Recipe Difficulty – Easy!
Why this recipe works
The best vegan lasagne! Big statement, I know, but I have tested it on many big meat-eating friends who love it. Some have even said it’s better than a meat sauce lasagne! It’s one of those recipes that looks super hard (and impressive), but is actually quite easy! Vegan lasagna is the perfect dinner party meal for sharing with family or friends. Or you can keep it to yourself for a quiet night in! Just like classic lasagna, vegetarian lasagna is the perfect comfort food!
However, can you really turn a lasagne recipe vegan? You bet! You may think you’re missing out with a dairy free lasagne, but this is honestly the best vegan lasagna recipe out there! The black beans and lentils give it a real meaty texture and the homemade vegan bechamel sauce also gives it that cream cheesy flavour – just what you want from a lasagne! It tastes just like the “real” thing and is absolutely packed full of flavour!
Ingredients to make The Best Vegan Lasagne
Tomato Sauce Ingredients
- Olive Oil – is used to fry up the vegetables and prevents them from sticking to the pan.
- Garlic Cloves – adds depth of flavour and body to the tomato sauce.
- Red Onion – I’ve used a red onion in this recipe as they are slightly sweeter, however a white onion would also be fine to use.
- Dried Oregano – is a classic Italian seasoning. It adds a bold and slightly spicy flavour.
- Dried Basil – is another excellent seasoning. Basil is a little sweet and somewhat spicy.
- Mushrooms – are a healthy and flavourful addition to this yummy tomato sauce. I love adding lots of vegetables into this veggie lasagne recipe!
- Tomatoes – Fresh chopped tomatoes add a fabulous flavour to this delicious sauce.
- Tinned Black Beans – add a ‘meaty’ texture and also add protein to the lasagne.
- Green Lentils – Similarly to the black beans, they add great texture, flavour, and protein.
- Passata – this provides the perfect balance of acidity, liquid and flavour to the veggie lasagna.
Vegan Bechamel Ingredients
- Cashews – are the hero ingredient in so many vegan recipes!

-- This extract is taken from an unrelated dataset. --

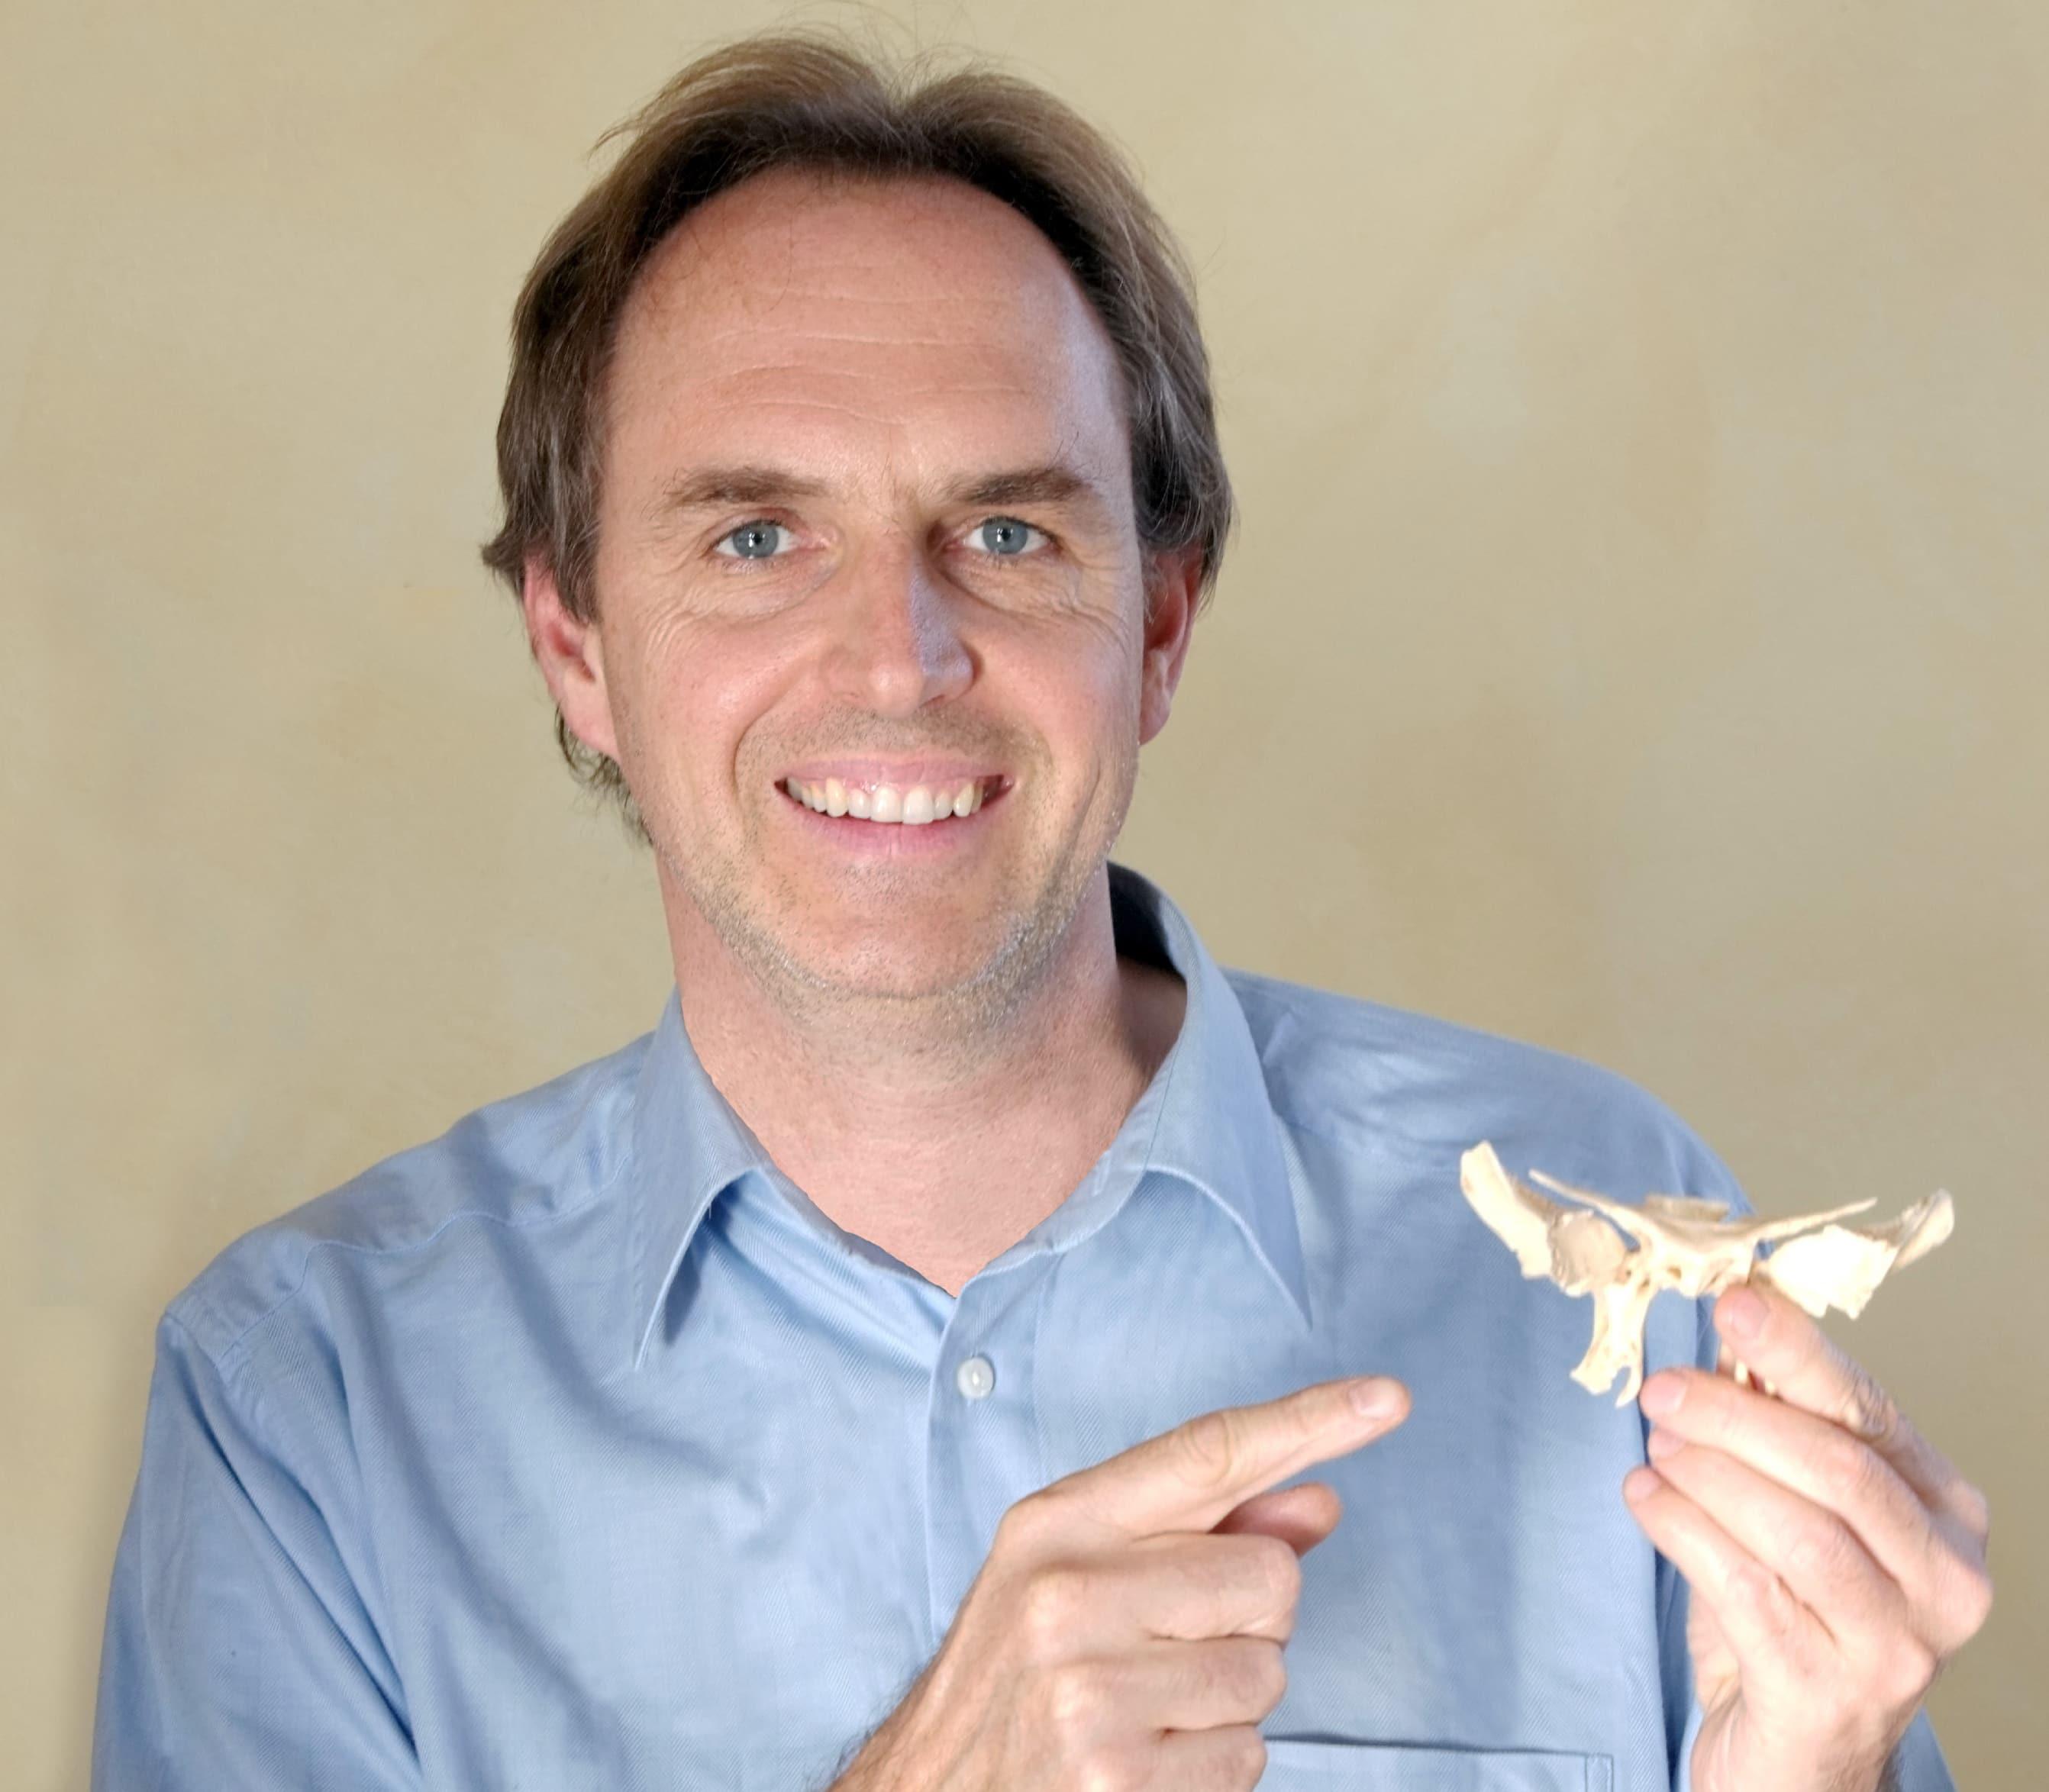 Lehrer und Leiter der Craniosacral Healing Schule, Cranio sacrale Ausbildung

They help give a creamy and cheesy texture to this creamy sauce. If you have any spare then use them to make my Vegan Dauphinoise Potatoes.
- Nutritional Yeast – Nutritional yeast flakes add protein and flavour and also work to thicken this delicious sauce. This acts as a dairy free substitute to cheese.
- Dried Basil – adds the perfect amount of seasoning to this yummy sauce.
- Garlic Clove – crush the garlic up for a great addition to the flavours.
- Unsweetened Plant Milk – I use almond milk, but you could use oat milk, soy milk, or any other plant-based milk.
- Olive Oil – adds a great flavour and texture.
- Gluten Free Lasagne Sheets – This is the main alteration from a classic vegan lasagna recipe that turns it into gluten free lasagna. If you don’t need gluten free lasagne, you are welcome to use regular noodles instead.
- Vegan Cheese – cheese tastes vary, so you can take your pick! You could even do a combination! Some great choices are vegan parmesan, vegan mozzarella, and vegan ricotta.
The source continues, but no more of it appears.